On September 4, 2020, the Internal Revenue Service (IRS) and the US Department of the Treasury (Treasury) published in the Federal Register final regulations under section 468A of the Internal Revenue Code (the Code) that address three issues raised by the nuclear electric industry concerning qualified nuclear decommissioning funds (“qualified funds”). These final regulations conclude a many years-long regulation project to clarify the rules relating to decommissioning costs and self-dealing rules. McDermott submitted multiple sets of comments throughout the process, and Marty Pugh provided vital testimony during an IRS hearing on the proposed regulations.
The final regulations address three issues: (1) the definition of “nuclear decommissioning costs” for purposes of section 468A; (2) clarification of the applicable self-dealing rules to services performed by a disqualified person; and (3) the definition of substantial completion of decommissioning.
First, the regulations respond to requests we made in a 2015 letter for guidance to allow a qualified fund to pay for expenses related to independent spent fuel storage installations (ISFSIs) regardless of whether such costs are immediately deductible. The final regulations confirm that the requirement that nuclear decommissioning costs be “otherwise deductible” under the Code do not apply to ISFSI expenses. The final regulations expand the definition of nuclear decommissioning costs to include expenses incurred to store spent nuclear fuel off site. The regulations confirm that the definition of nuclear decommissioning costs not only includes currently deductible costs, but also includes costs recoverable through depreciation or amortization. Additionally, costs for land improvements were included in the revised definition of nuclear decommissioning costs.
Second, the final regulations clarify the applicability of the self-dealing rules to transactions between a qualified fund and disqualified persons. The final regulations clarify that compensation paid by a qualified fund to a disqualified person for decommissioning services will not be an act of self-dealing even though such payment includes reimbursement of direct or indirect overhead costs or a profit element. Under the rules, compensation is generally permitted if it “would ordinarily be paid for like services by like enterprises under like circumstances.” This change provides welcomed clarity to allow power plant owners to contract with affiliates to decommission and provide other related services directly.

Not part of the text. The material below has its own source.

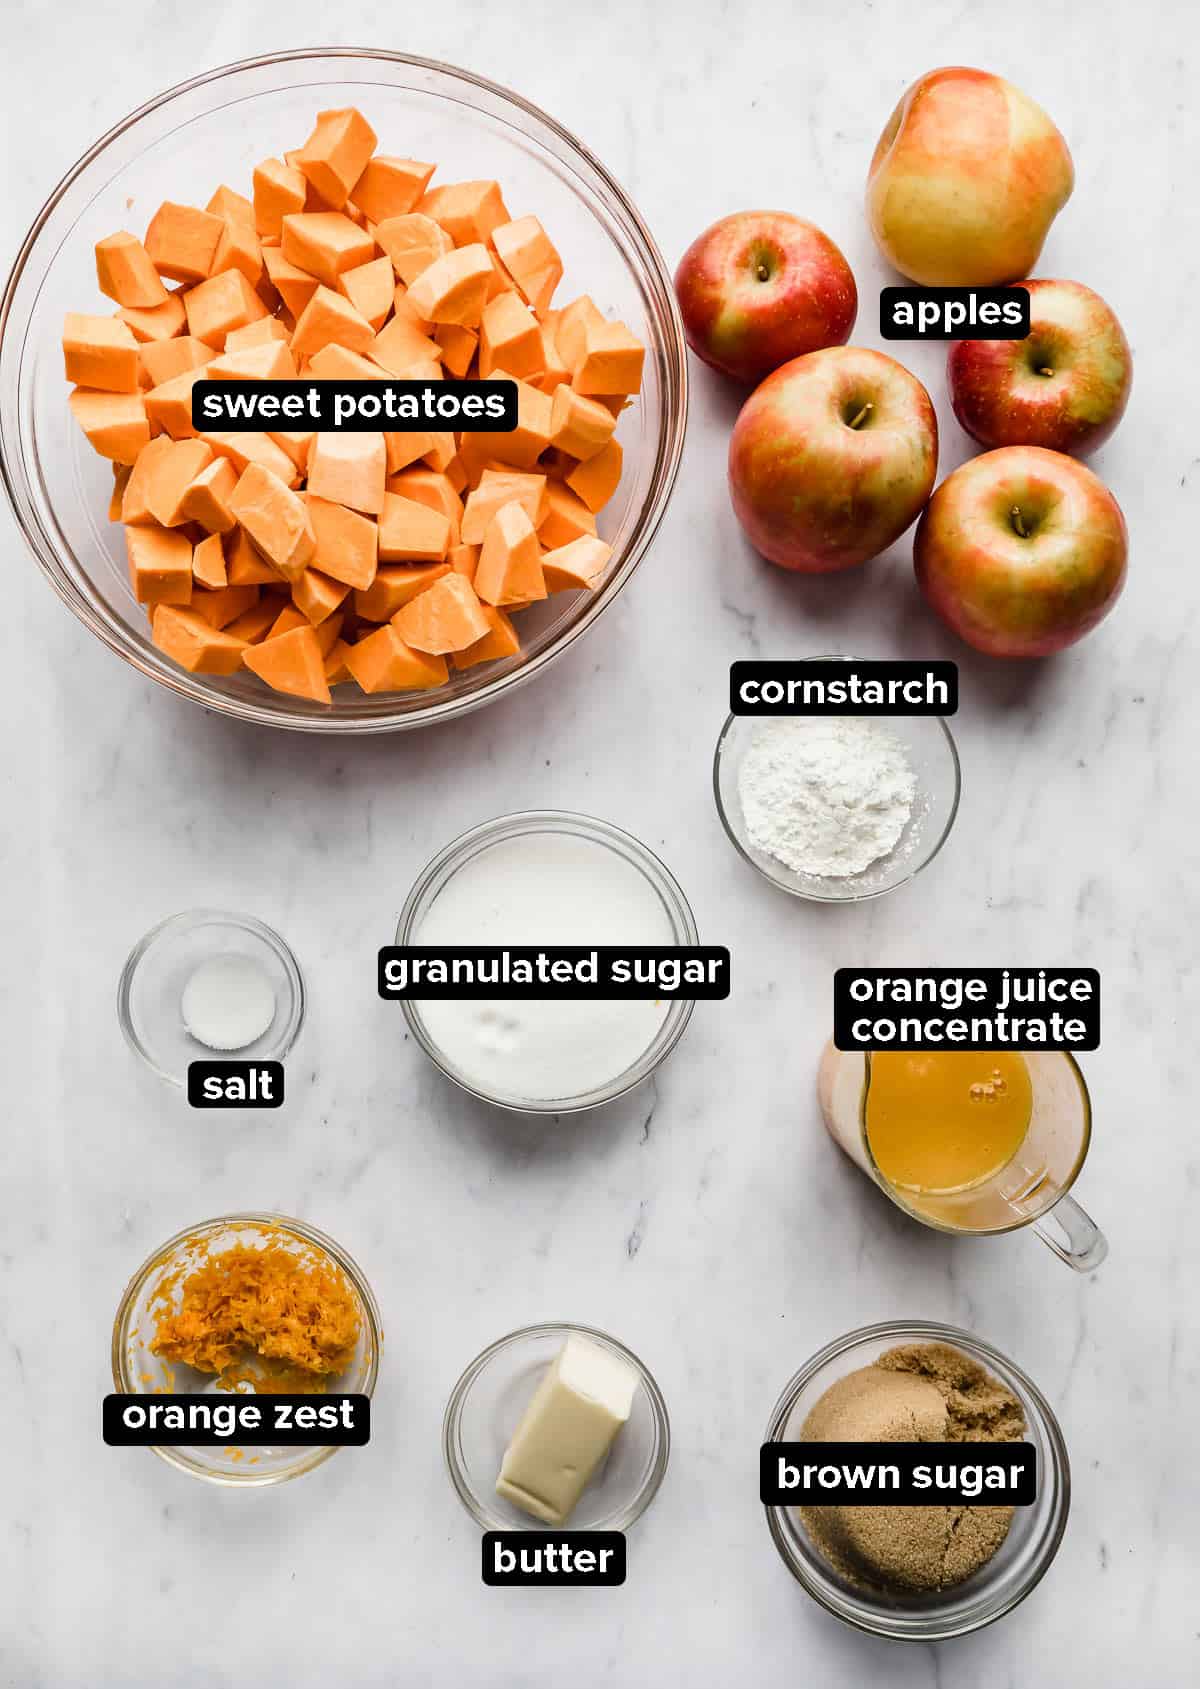 Candied yams ingredients in glass bowls, on a marble background.

And finally, the final regulations adopt the proposed regulations to expand the definition of substantial completion to be the date on which “all federal, state, local and contractual decommissioning liabilities are fully satisfied.” This change permits a taxpayer to maintain a qualified fund to satisfy state, local or contractual obligations for decommissioning such as greenfielding or other environmental obligations, when the requirements of the Nuclear Regulatory Commission are already satisfied.
The final regulations were effective September 4, 2020 and generally apply to taxable years ending on or after September 4, 2020.